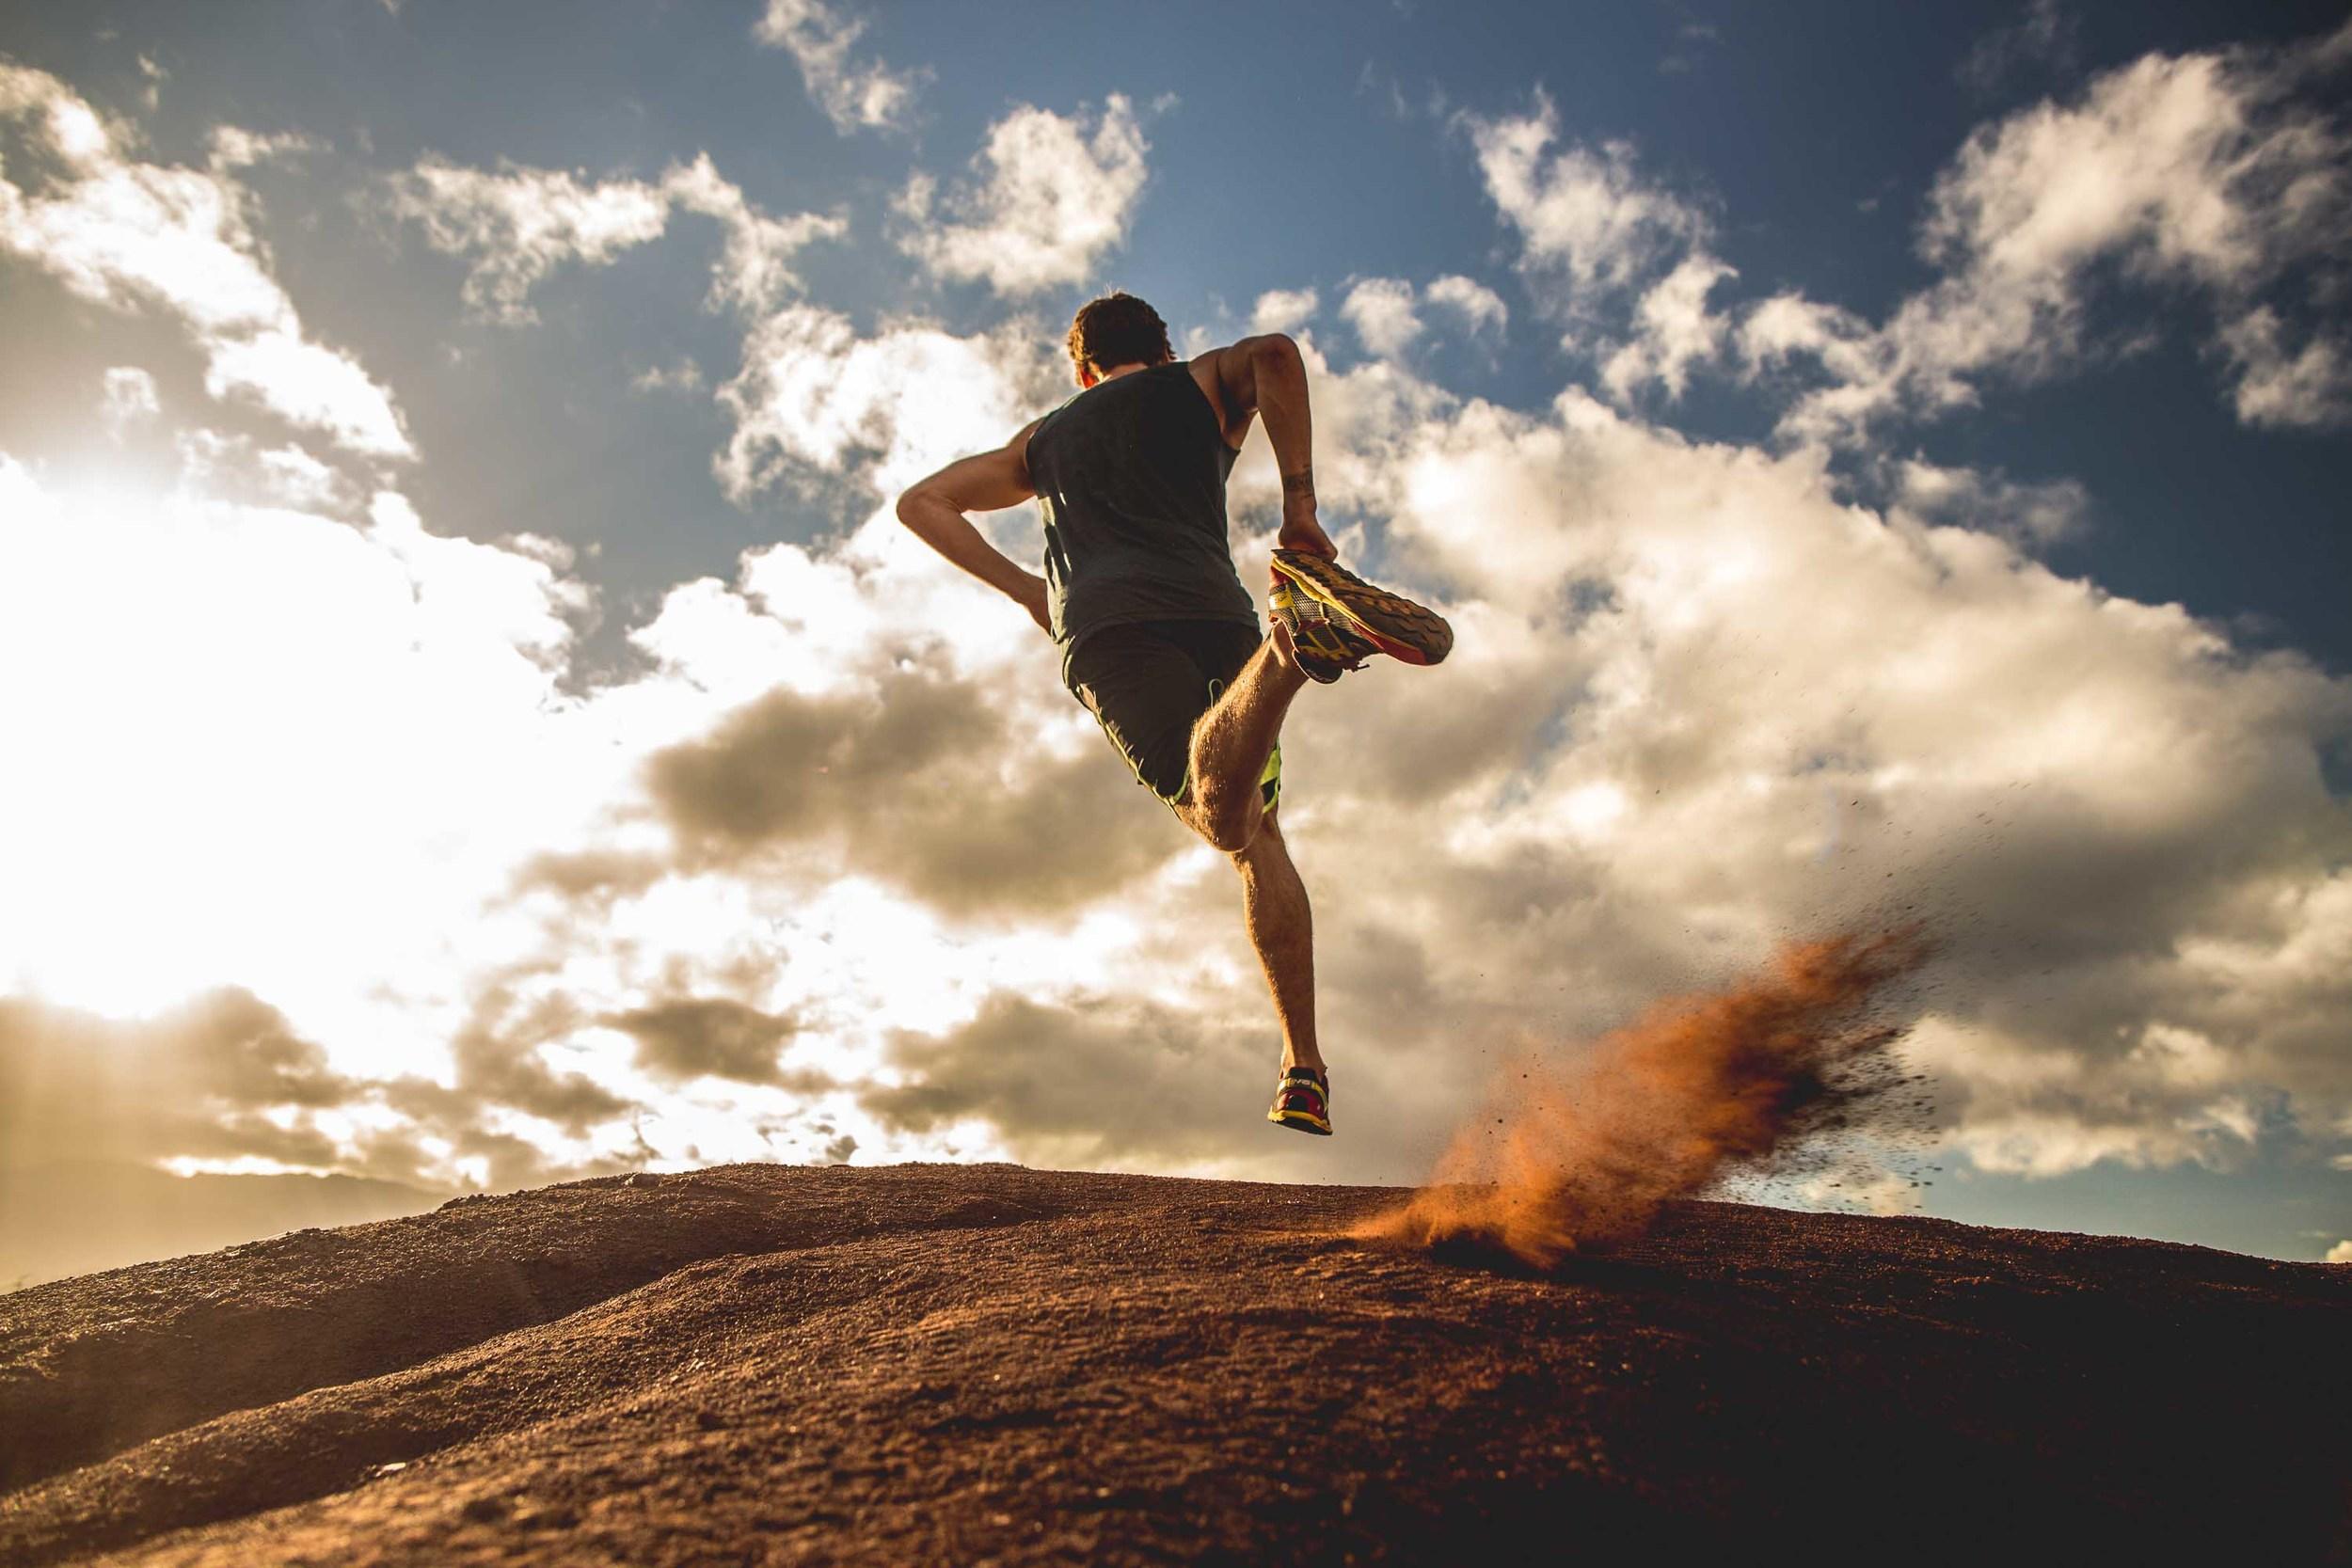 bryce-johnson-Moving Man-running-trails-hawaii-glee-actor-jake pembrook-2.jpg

--

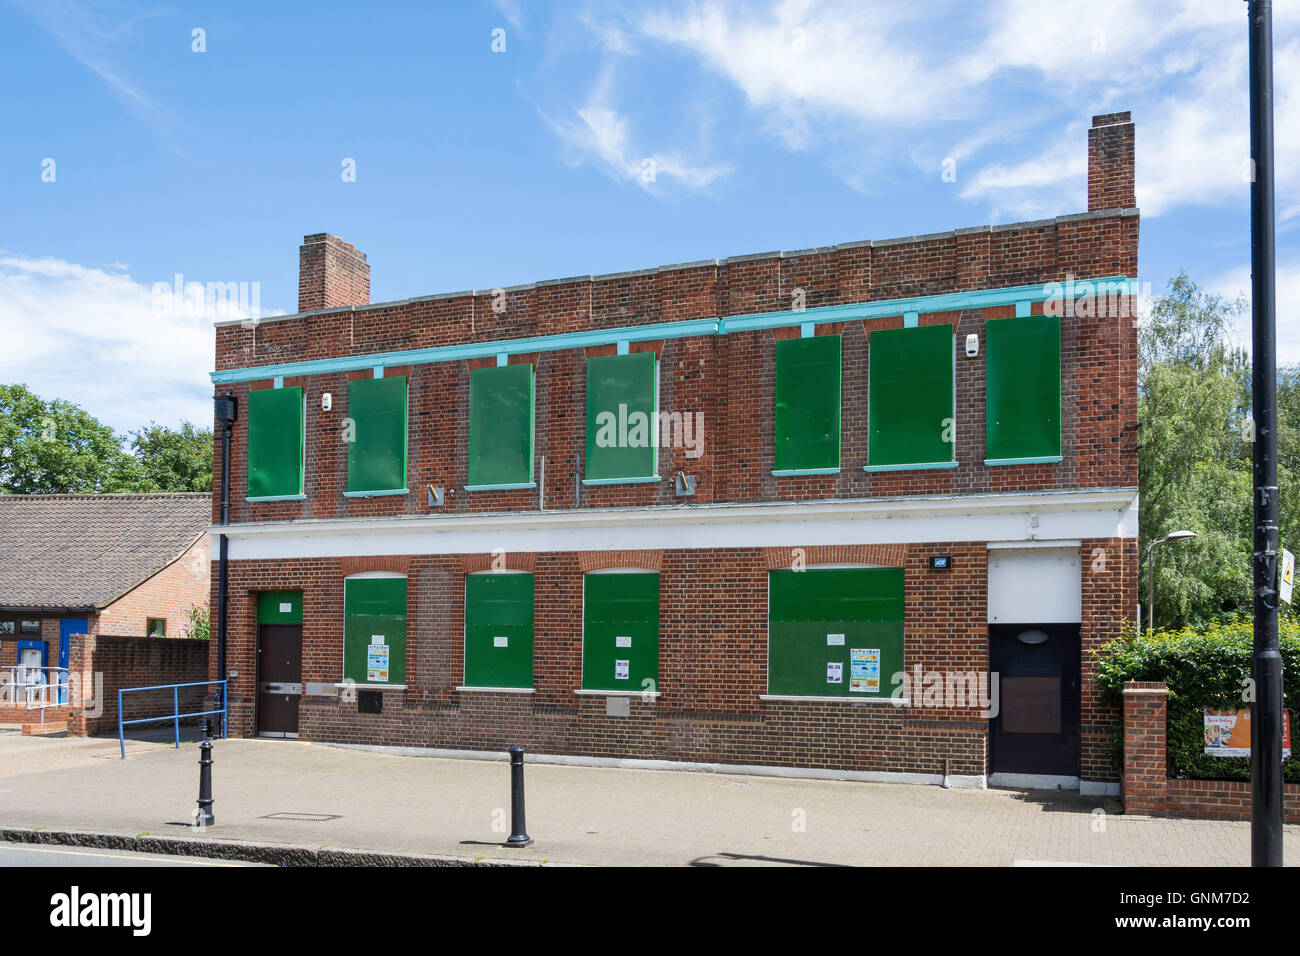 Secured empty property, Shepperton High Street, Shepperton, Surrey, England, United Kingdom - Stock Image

==

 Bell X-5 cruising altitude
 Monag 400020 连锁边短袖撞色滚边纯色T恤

ABOUT THIS EXERCISE: Of the entries listed above, reproduce only the lines starting at the line containing "Bell X-5 cruising altitude" and ending at the line containing "Monag 400020 连锁边短袖撞色滚边纯色T恤". Include both, exactly as they stand.

YOUR RESPONSE:
 Bell X-5 cruising altitude
 Monag 400020 连锁边短袖撞色滚边纯色T恤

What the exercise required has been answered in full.